You want to get ahead; you want to keep pushing forward.  But this week–let me tell you, it seems like every time I turn around, there’s something in real life that’s keeping me from writing my next great novel.  Assuming that it’s going to be great . . .  Recollections

Still, you write.  I get on the computer and start putting words into the machine.  I left my couple in bed, making small talk, mostly about my main female character getting tired of where she lived and taking a job in Las Vegas.  Where do I go from there?

Well, I had a few hundred words to make my main male character feel a bit of envy.
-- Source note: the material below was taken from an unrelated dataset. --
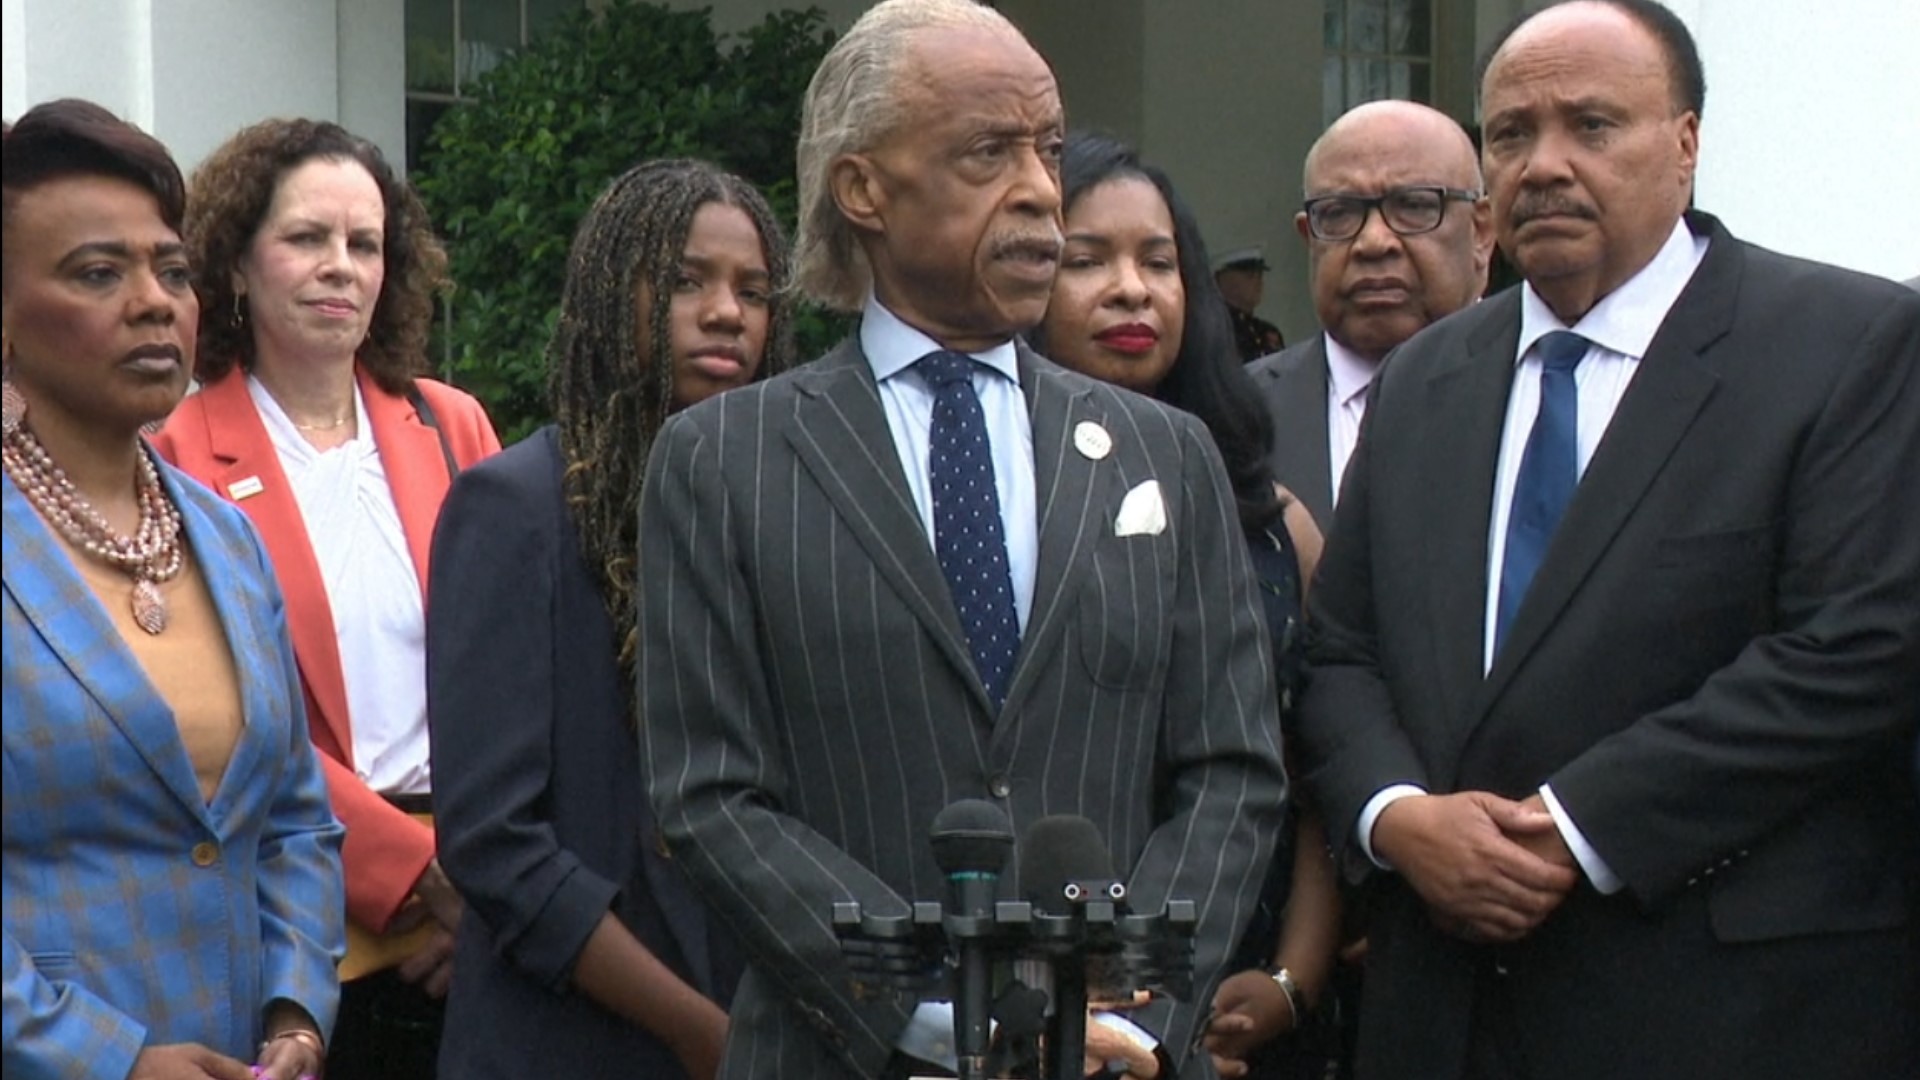 Following a meeting with President Biden on Monday, Rev. Al Sharpton, with members of the King family, said he wants Jacksonville to host the next hate crimes summit

See, my male character is a Las Vegas native.  Born there, schooled there, worked there.  His dream is to make it “big” as a writer and move the hell out, but neither has happened yet.  He’s starting to feel like a bit of a failure because he’s stuck in the City of Big Dreams and Drained Bank Accounts, and here he’s hooked up with a woman who one day said, “Screw it, I’m outta here,” packed her crap inside her car, and hit the road because someone offered her a job.  Good job, bad job:  it didn’t matter.  It was a job, and it wasn’t in New Mexico, so she said, “Yes”.

In a way I feel like my main male character.  I’ve lived in Red State Indiana my whole life, up in the northwest part near Chicago.  There was a time, years ago, when I wanted to move out, when I wanted to head west and keep going until I hit the ocean.  One time it was California, one time it was Seattle; these days I’d love to live in Portland, where I almost did have a job in 2006.
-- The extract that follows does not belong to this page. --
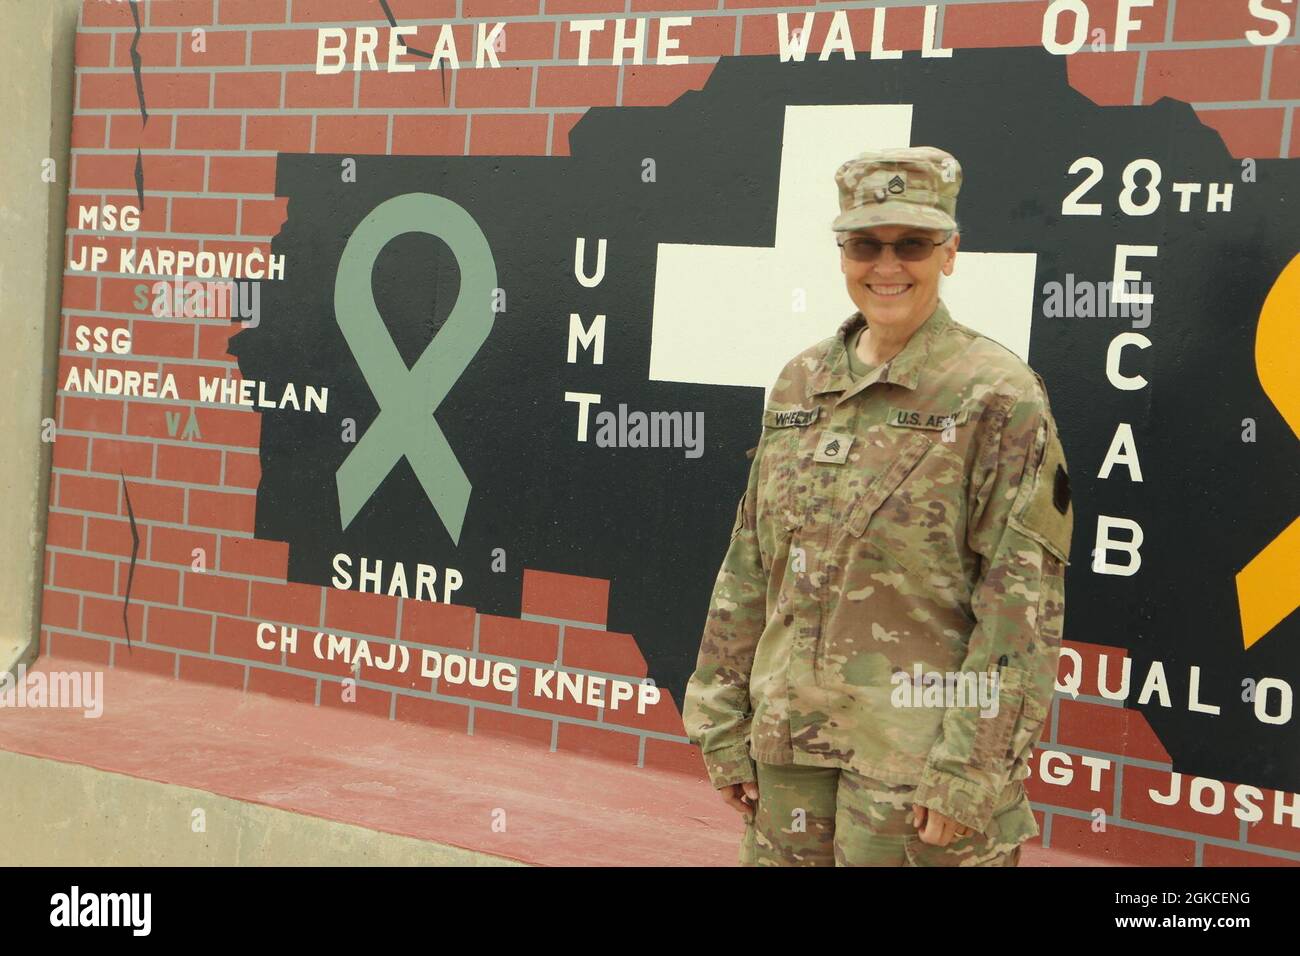 U.S. Army Staff Sgt. Andrea Whelan, victim advocate for the 28th Expeditionary Combat Aviation Brigade, poses for a photo at an airfield in the 28th ECAB's area of operations in the Middle East.     Whelan enlisted in the U.S. Army at age 32 after losing a truth or dare bet. She says that someone told her she would not make through basic training, and now she is standing at retirement's doorstep. She is currently attending Liberty University pursuing a bachelor's degree in psychology.    'Women's month is a time of reflection for me', said Whelan. 'I look at all the of the great women who forg Stock Photo

From time to time I do have a dream of getting the hell out of the state and heading towards the mountains, towards the desert, towards the forests, and not stopping until I see a lot of water standing in my way.  I feel as if I outgrew Indiana a long time ago, but one thing or another has kept me from moving on–

Maybe I’ve been waiting to hit it big.

Were it not for certain obligations, I think I would have blown this pop stand a long time ago.  Jean Shepard–he of A Christmas Story fame–grew up in Hammond, IN, so he’s mostly known as an Indiana Writer, and a number of his stories take place in northwest Lake Country.  A writing instructor once told me that they went to a reading Shepard gave on one of his infrequent visits to Indiana, and during the question and answer section at the end, someone asked him what his favorite part about returning to Indiana was.  The instructor told him his answer was, “Getting on the plane and leaving.”  Needless to say, he didn’t endear himself to anyone at the reading.

I’ve had moments where I’ve thought about getting “known” through my writing, then leaving the state, settling somewhere else, and having to field the requests to return to my old stomping grounds to talk about what it’s like to “be a writer.”  Oh, the things I could do, the things I could say, the trouble I could get into.

So I need to do a few things first for that to happen . . .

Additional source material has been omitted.